Pou reached the hospital and raced to where she thought the O’Bryants would be waiting. She rounded a corner to see James on a transport gurney being wheeled down the hallway toward the operating room. “She’s here!” he shouted, and sat up to greet her. She hugged him.
“I’m going to be right here when you come out,” she said. She sat in the waiting room with Brenda and the family. Hours later, they rejoiced when James made it through all right.
This couple whose problems were so much greater than her own treated Pou with awe, gratitude, and reverence.

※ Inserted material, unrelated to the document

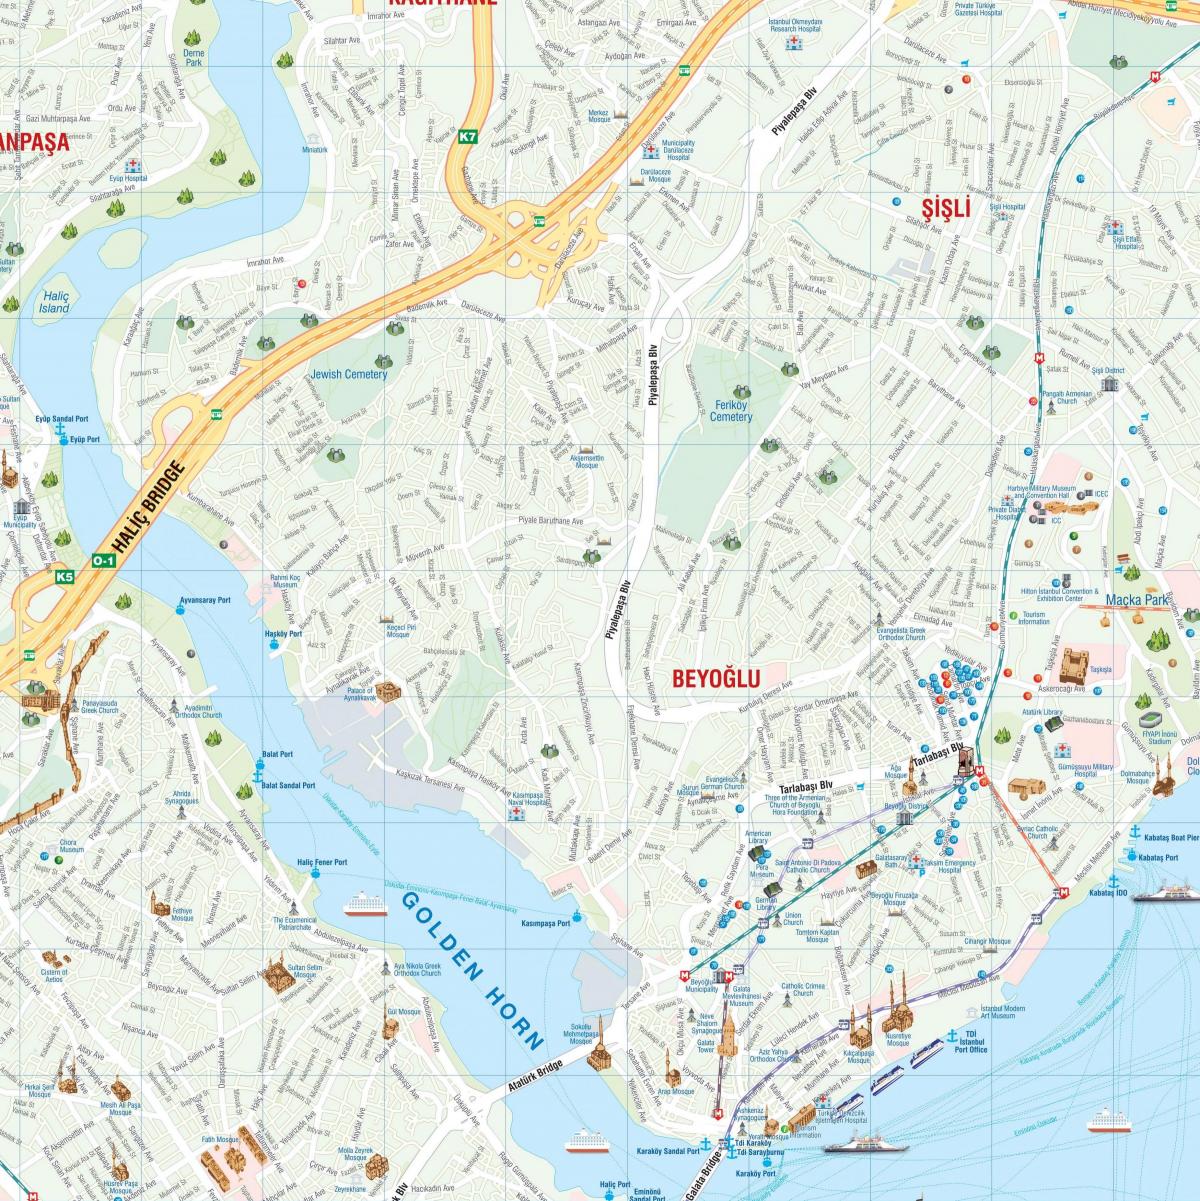 mappa di pera istanbul

They didn’t seem to mind that Pou had never told them what happened at Memorial. “My lawyer won’t let me get into conversations about this, but I can tell you this,” Pou had said to them: “I loved all my patients. I would never do anything to hurt any one of them.”
The O’Bryants believed her and not the allegations. The attorney general had punished them, too, by taking away the doctor they trusted in their hour of need. Brenda O’Bryant—a bright, well-spoken woman convinced that she was neither—told coworkers at the lace factory where she worked that she would not believe that Pou had killed her patients even if Pou herself confessed she had done it; she knew Pou as a Christian who looked to God for guidance, and someone like that did not take other people’s lives.
If being arrested like a criminal had completely ripped Pou’s heart out, the O’Bryants and her other friends, coworkers, and family members were helping to restore it.
Pou needed support in this winter of uncertainty. Not knowing what would happen was, she would later tell reporter Julie Scelfo, “the most effective form of torture.” The first days of 2007 brought a new drama. A “spoiler blog” predicted that an upcoming episode of the popular television series
Boston Legal
would feature a doctor accused of killing patients after Hurricane Katrina in New Orleans. Pou was about to be tried by a jury of television writers.